++++ DATA PROVIDED

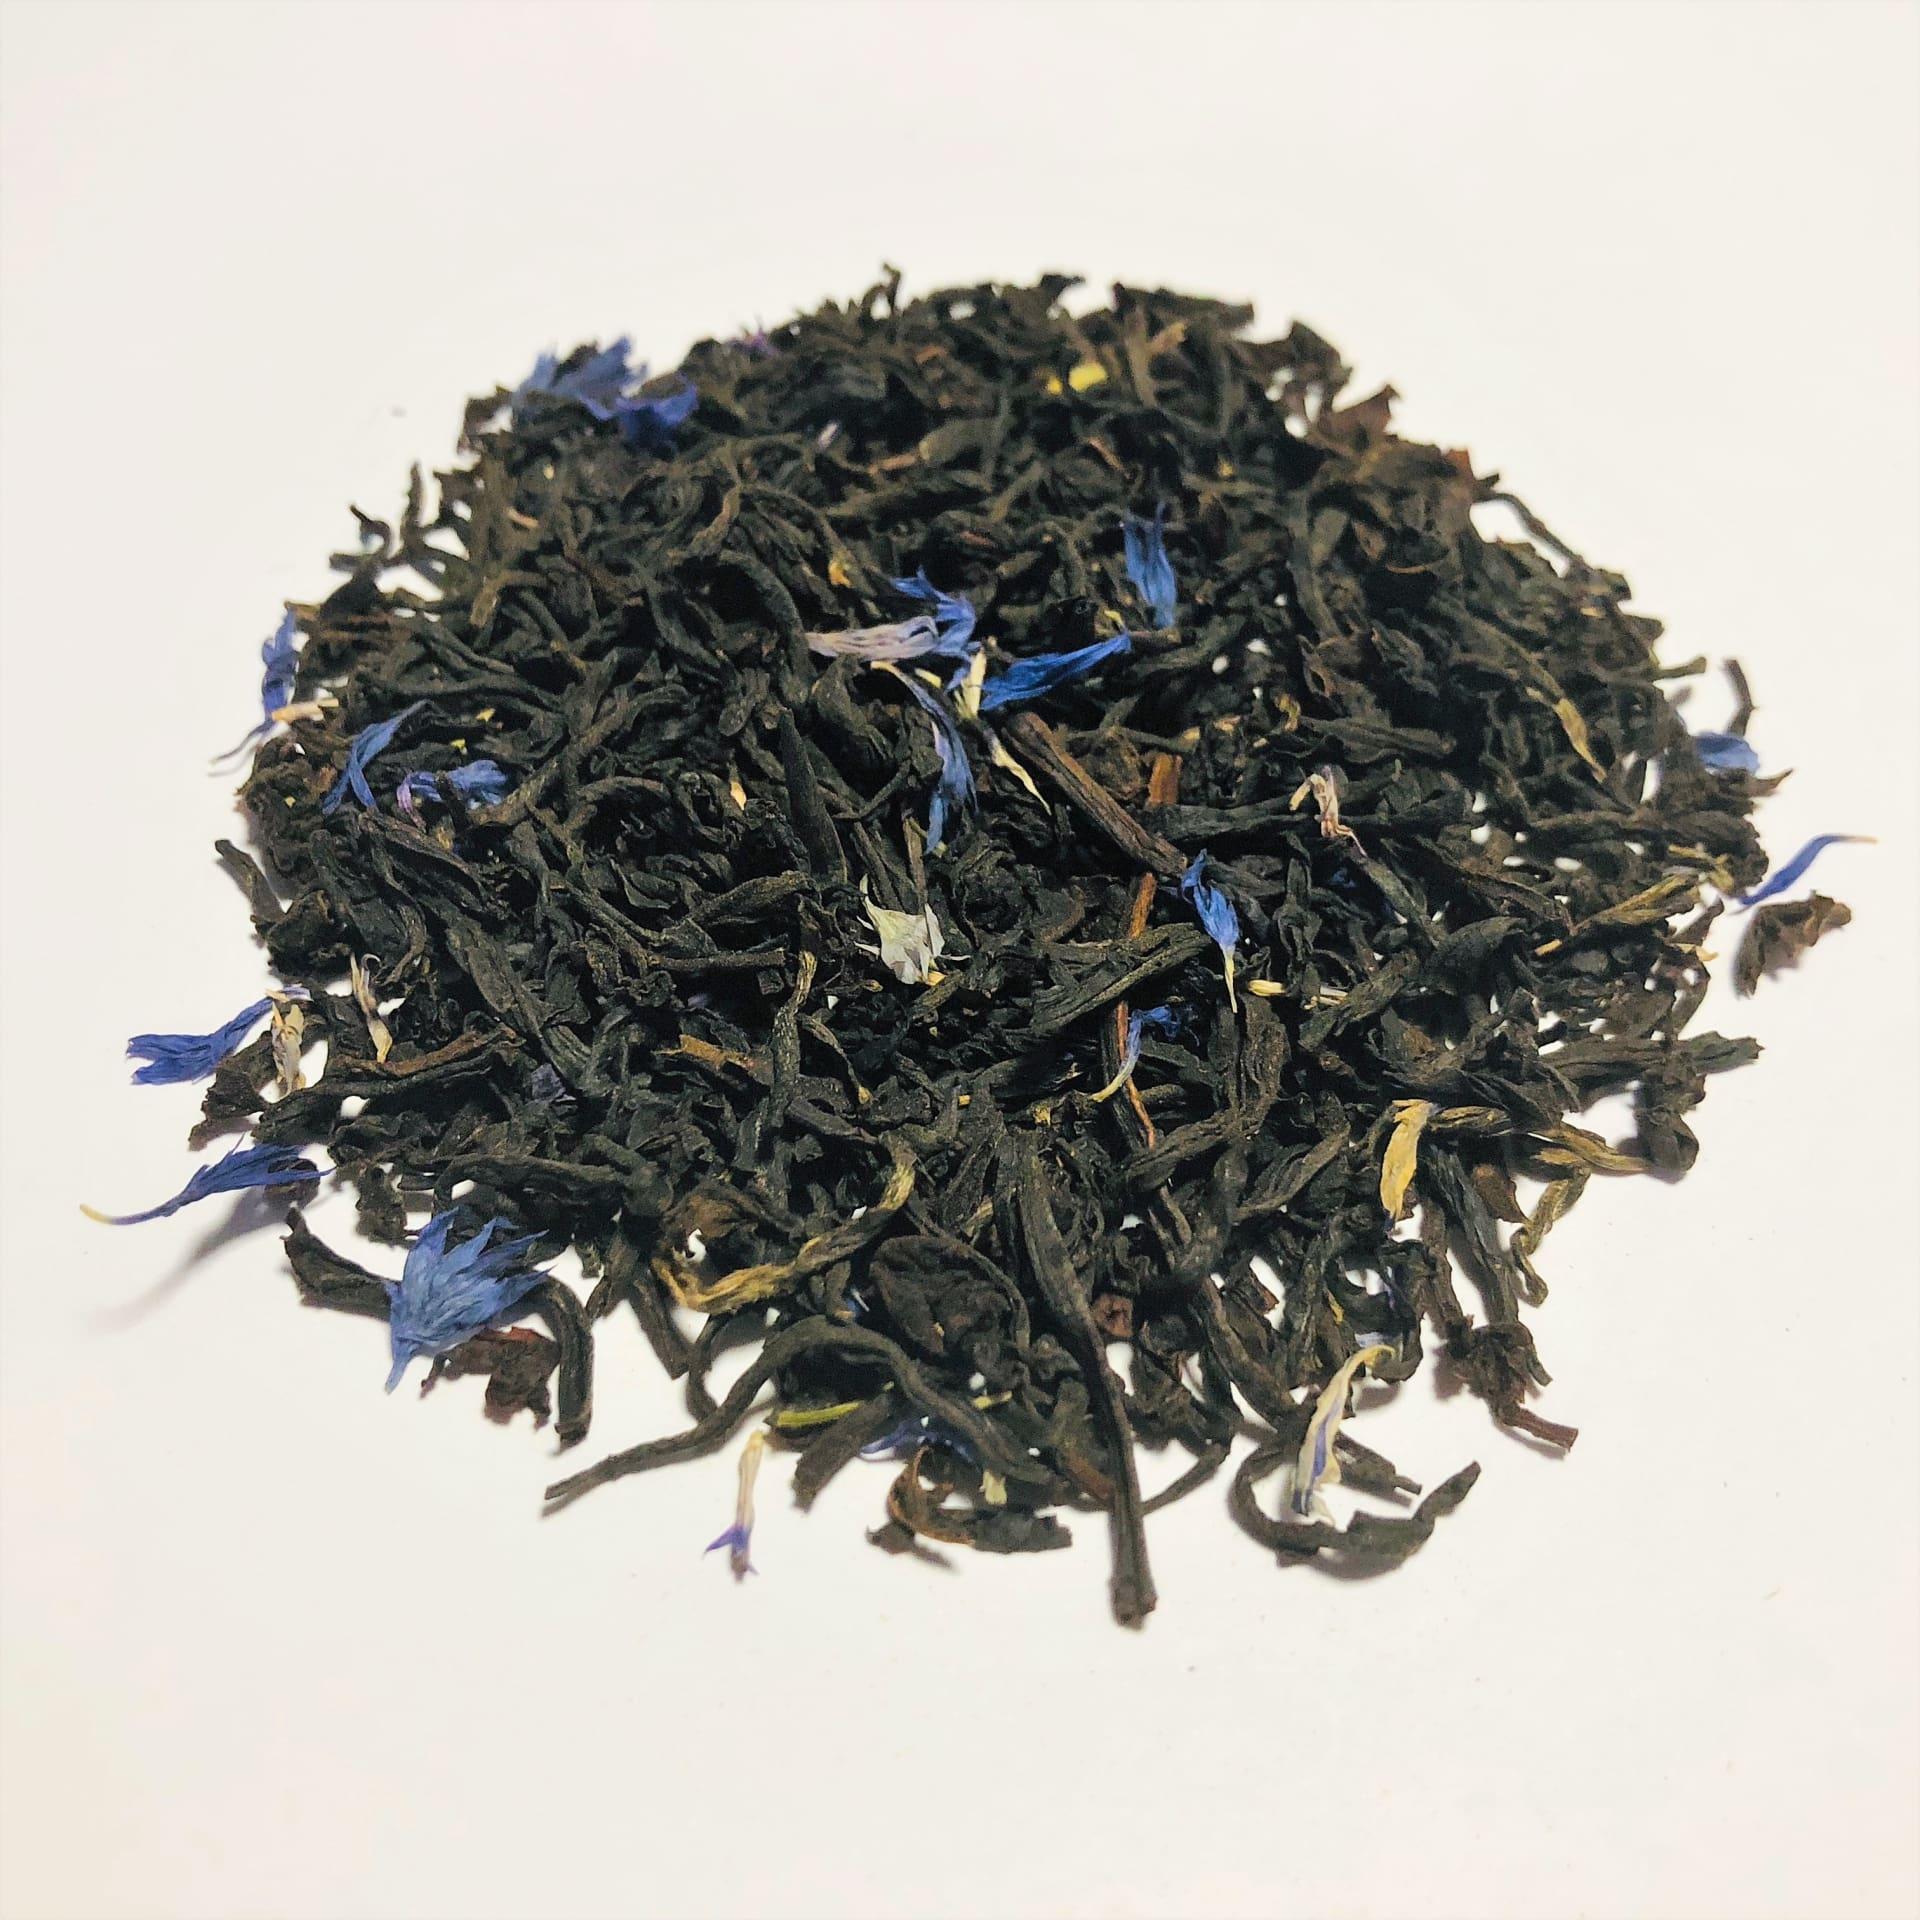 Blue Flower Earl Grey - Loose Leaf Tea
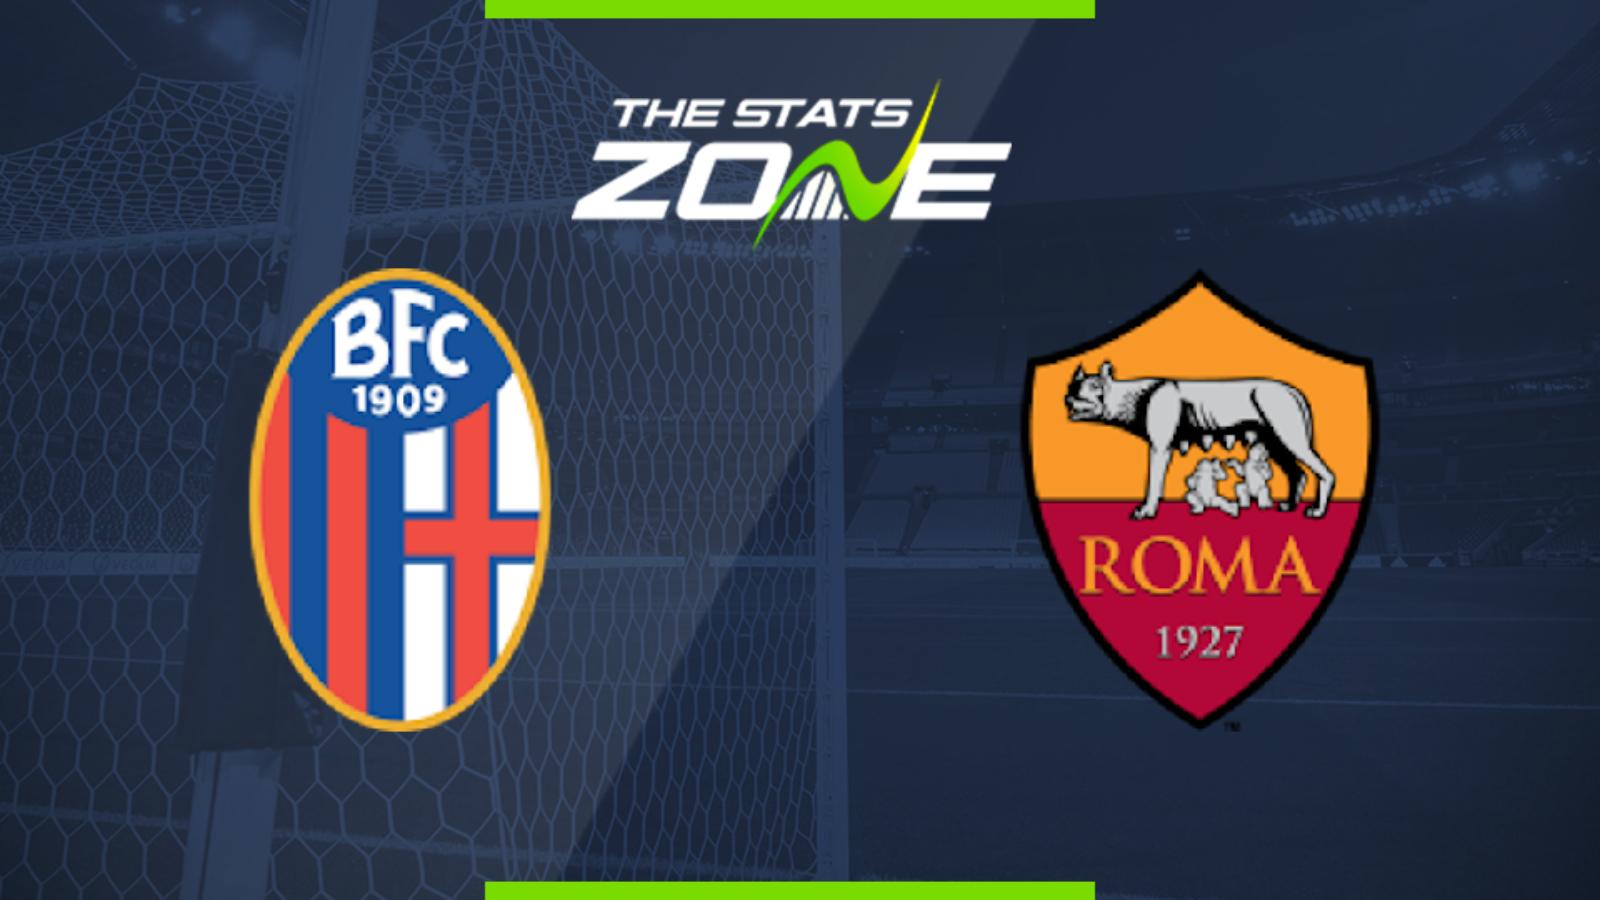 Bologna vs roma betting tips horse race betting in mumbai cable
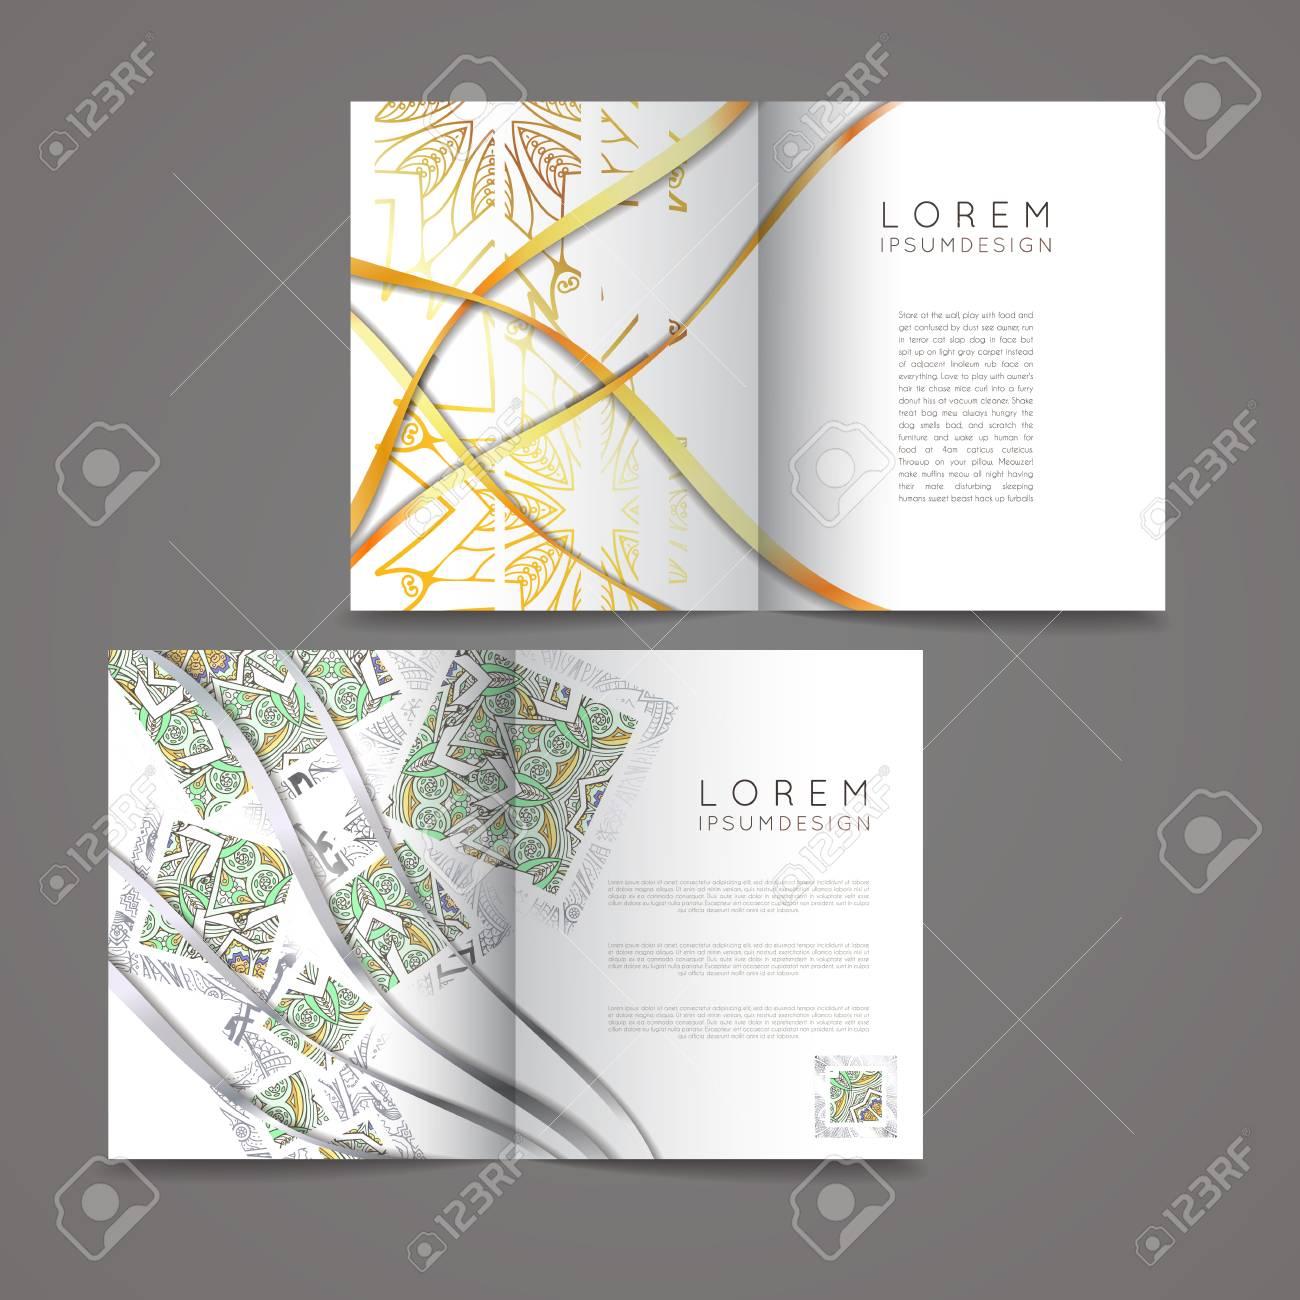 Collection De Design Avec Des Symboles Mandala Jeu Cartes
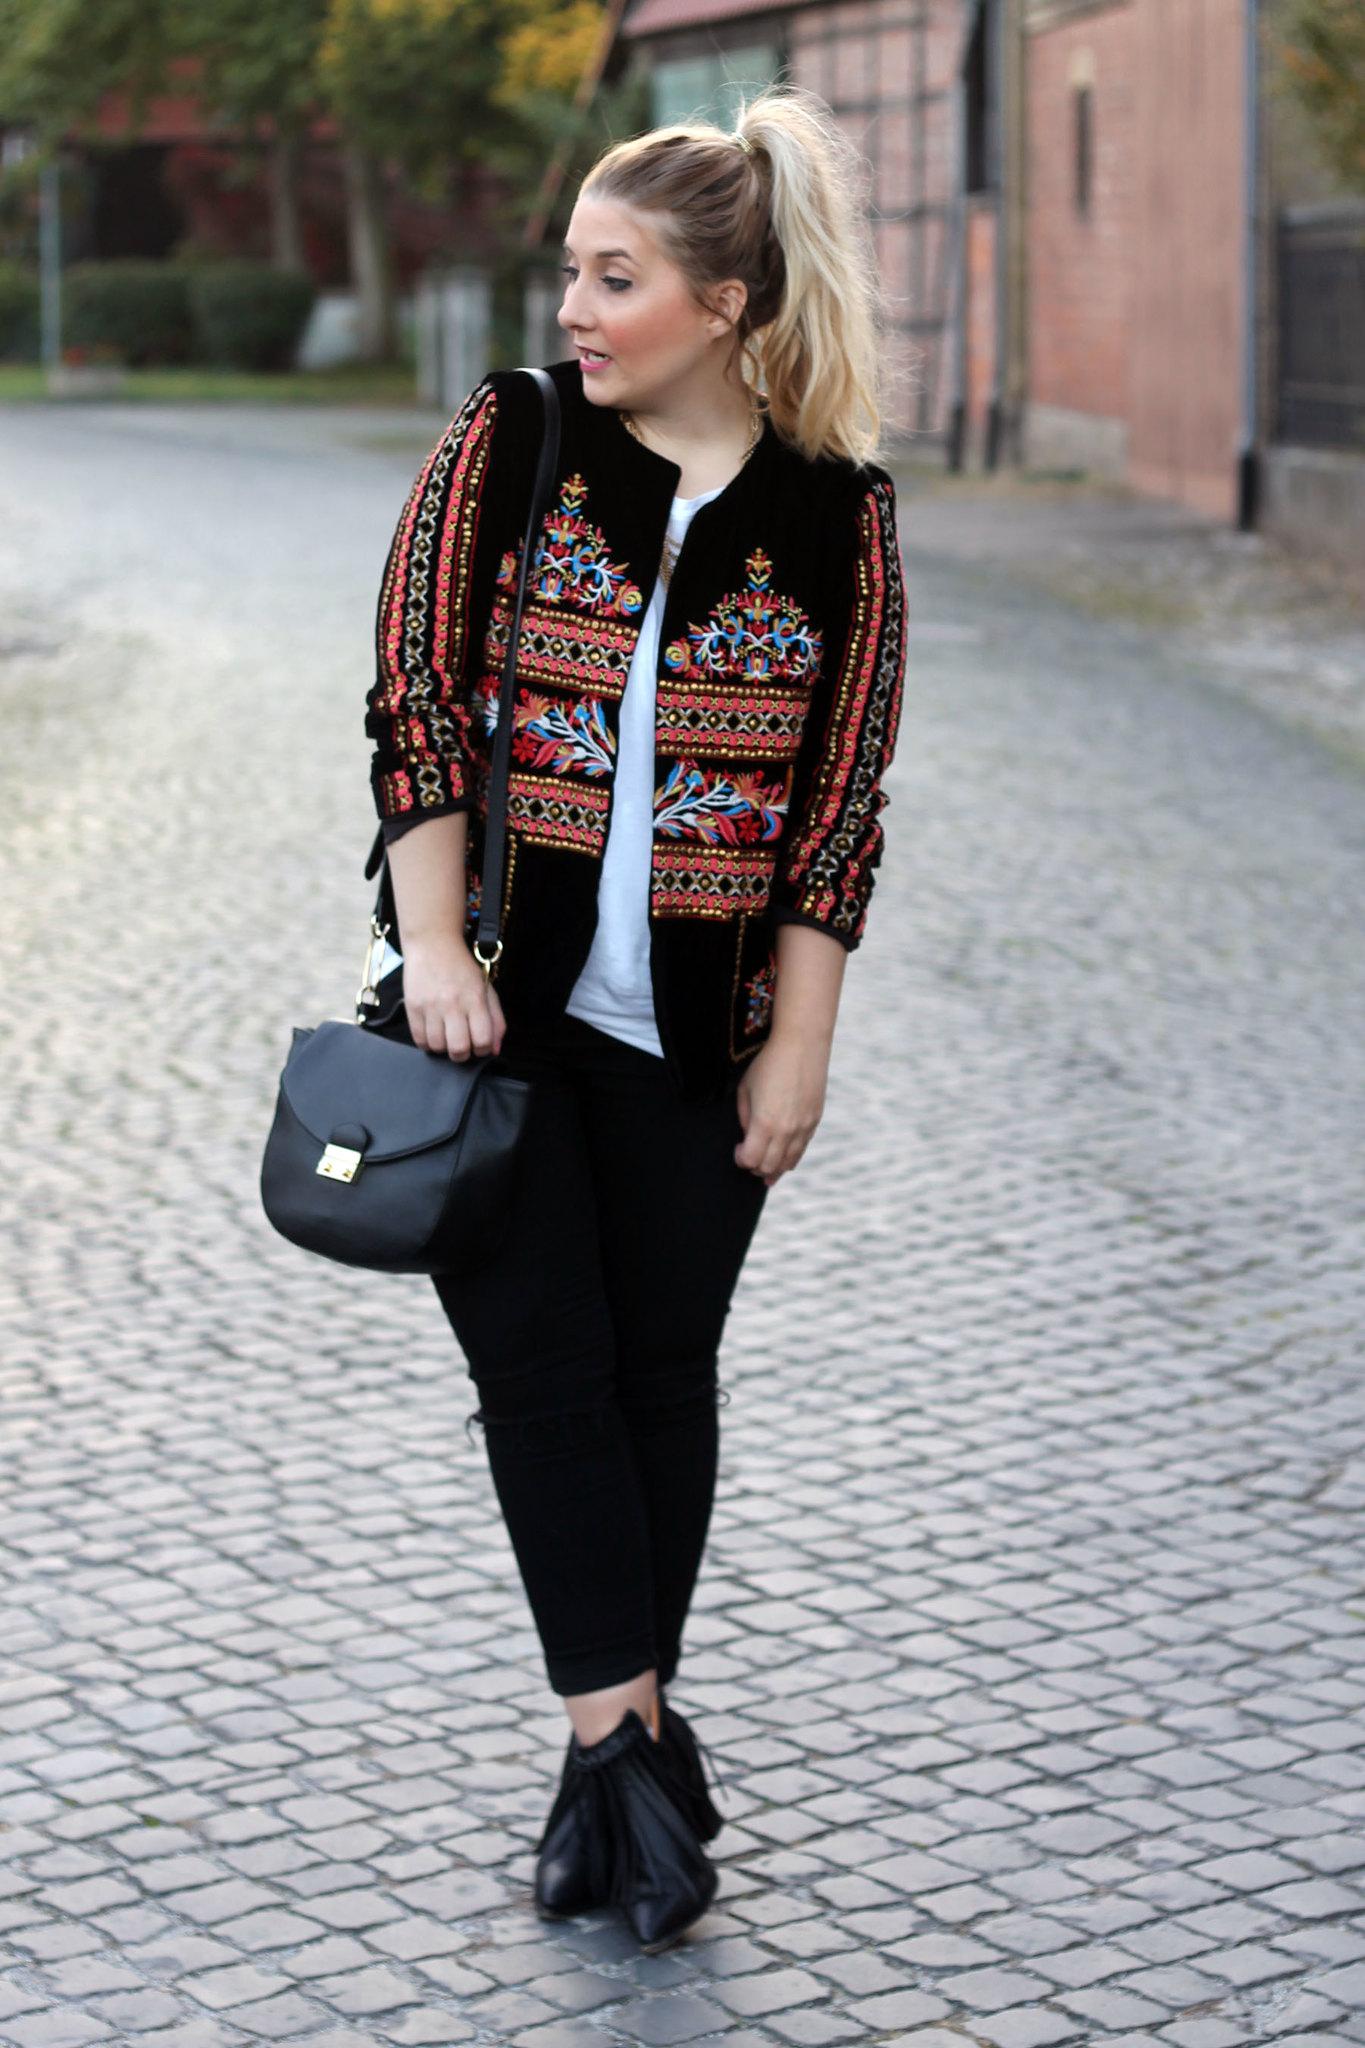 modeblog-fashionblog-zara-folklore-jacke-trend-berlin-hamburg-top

++++++++

YOUR INSTRUCTIONS: Begin with the line that contains "Bologna vs roma" and repeat every line through the end of the data, exactly and only those lines, leaving out the pictures.

OUTPUT OF THE EXERCISE:
 Bologna vs roma betting tips horse race betting in mumbai cable
 Collection De Design Avec Des Symboles Mandala Jeu Cartes
 modeblog-fashionblog-zara-folklore-jacke-trend-berlin-hamburg-top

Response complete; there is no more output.